An verschiedenen Stellen im Forschungsprozess können verschiedene Arten von Selektionsverzerrungen auftreten. Im Folgenden sind einige davon aufgeführt:

  • Sampling-Bias

Stichprobenverzerrung ist eine Form der Auswahlverzerrung, die durch nicht zufällige Populationsstichproben verursacht wird. Es tritt auf, wenn bestimmte Untergruppen aus der Forschungsstichprobe entfernt werden, was zu einer ungenauen Darstellung der Untergruppen in der Stichprobenpopulation führt.

Stellen Sie sich zum Beispiel vor, Sie untersuchen die Prävalenz von Herzkrankheiten in Ihrer Gegend.

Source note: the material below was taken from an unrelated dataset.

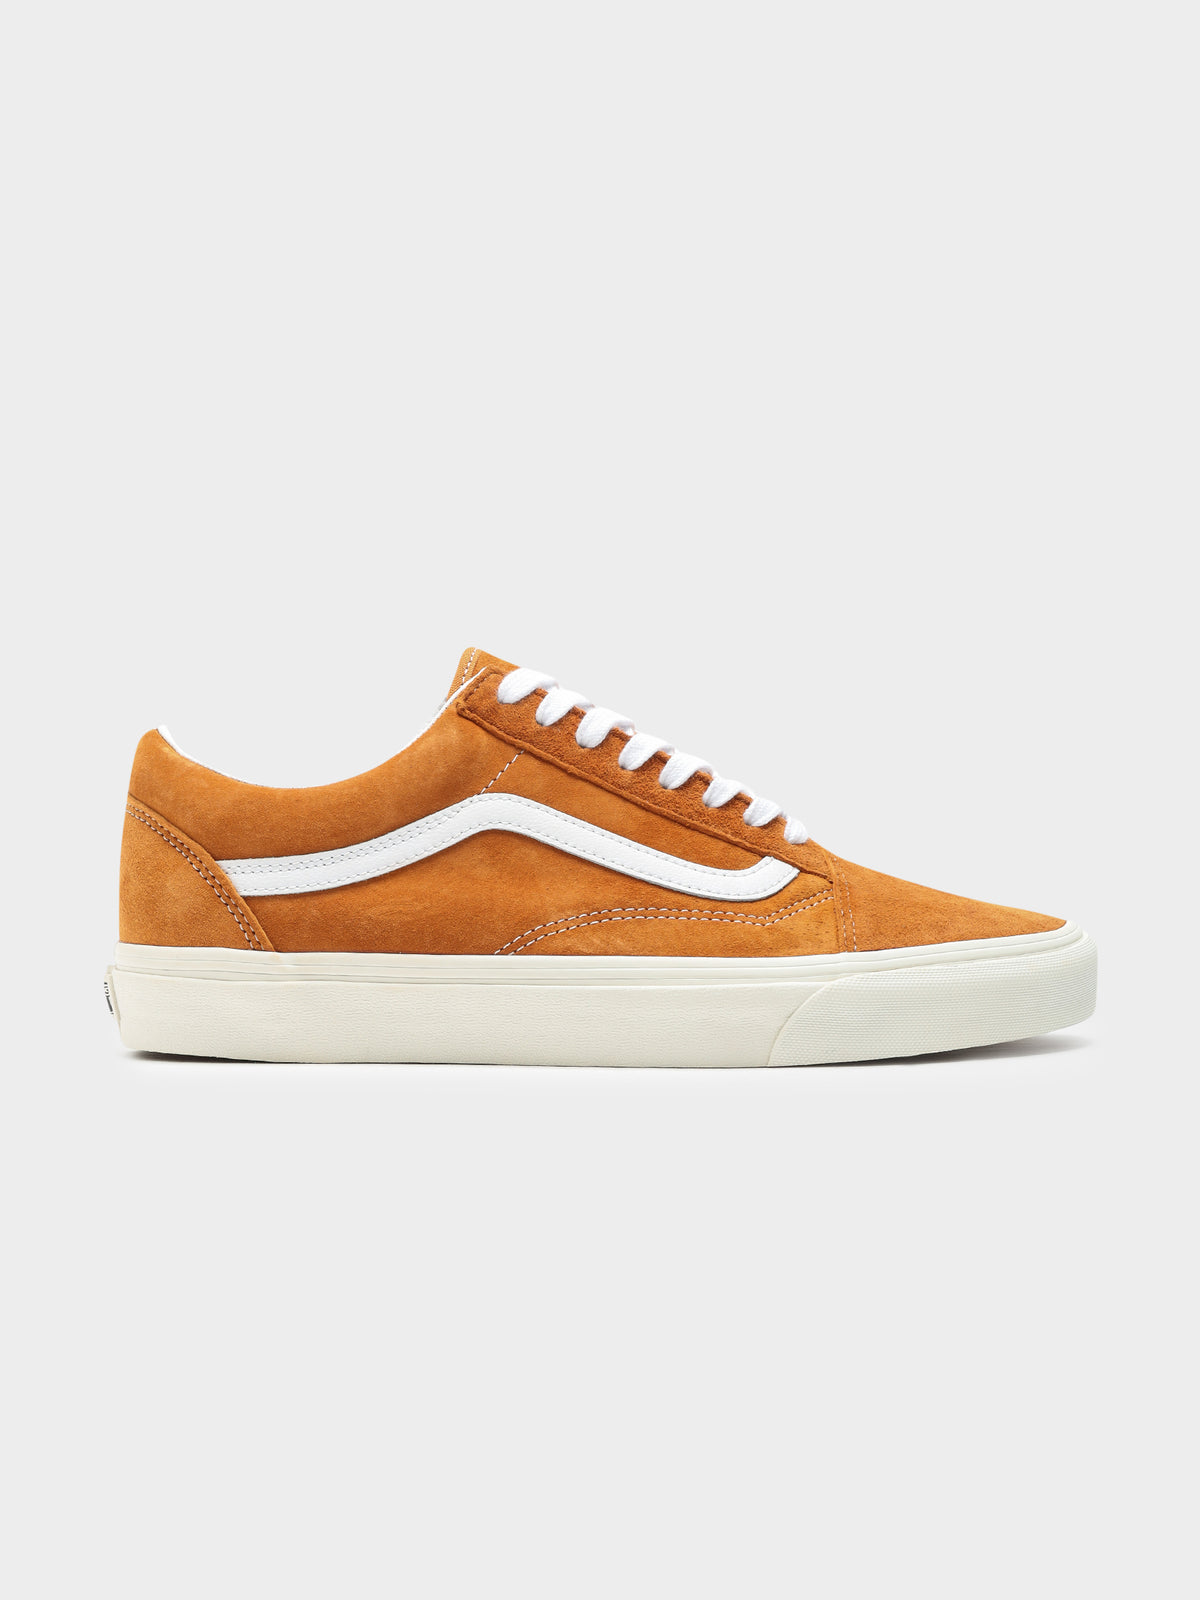 Unisex Old Skool Sneaker in Desert Sun Orange
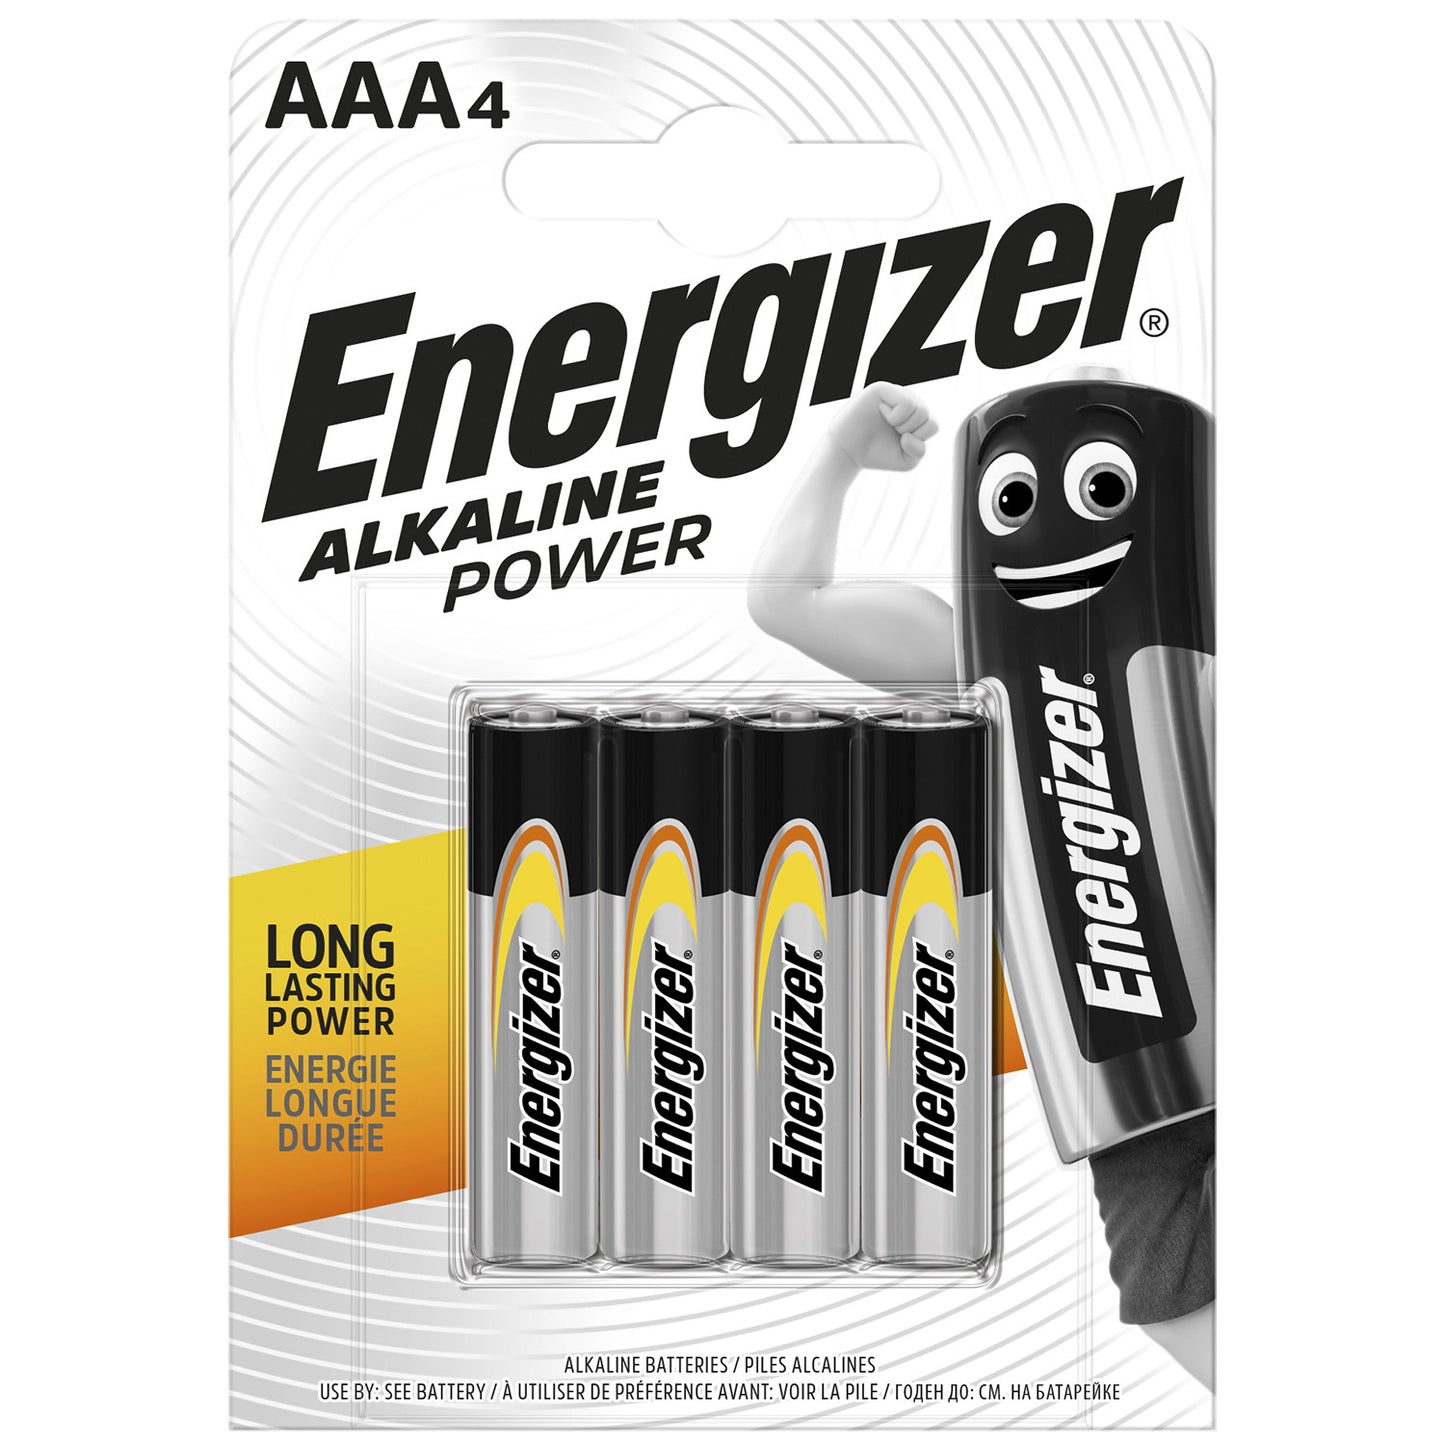 ENERGIZER® ALKALINE POWER – AAA4

Um Daten zu sammeln, beschließen Sie, Interviews mit Käufern im Einkaufszentrum zu führen.

Diese Strategie schließt Krankenhauspatienten und Patienten mit Herzerkrankungen aus. Ihre Stichprobe ist voreingenommen, weil viele Menschen nicht in diesem Einkaufszentrum anwesend sind, sondern sich zu Hause oder in Krankenhäusern aufhalten.

  • Selbstselektionsverzerrung

Selbstselektionsverzerrung wird auch als Freiwilligenverzerrung bezeichnet. Dies tritt auf, wenn die Eigenschaften der Personen, die freiwillig an der Studie teilnehmen, für die Ziele der Untersuchung wichtig sind.

Selbstselektion führt zu verzerrten Daten, wenn die Stichprobengruppe aus Freiwilligen und nicht aus der idealen Zielpopulation besteht. Es ist sehr wahrscheinlich, dass Forscher wahrscheinlich voreingenommene Ergebnisse erhalten werden.

Beispielsweise könnte ein Pro-Auto-Fan an einer Studie teilnehmen, die die Wahrnehmung eines neuen Autos untersucht, das auf den Zielmarkt kommt, da er sich als Experte auf diesem Gebiet sieht.

Aufgrund der Selbstselektionsverzerrung könnten sie unangemessen antworten oder weitere Informationen bereitstellen, die nicht angefordert wurden.

  • Nonresponse-Bias

Nonresponse Bias tritt auf, wenn Personen eine Umfrage nicht beantworten oder an einem Forschungsprojekt teilnehmen. In der Umfrageforschung kommt es häufig vor, dass den Teilnehmern die entsprechenden Fähigkeiten fehlen, ihnen die Zeit fehlt oder sie sich wegen des Themas schuldig oder beschämt fühlen.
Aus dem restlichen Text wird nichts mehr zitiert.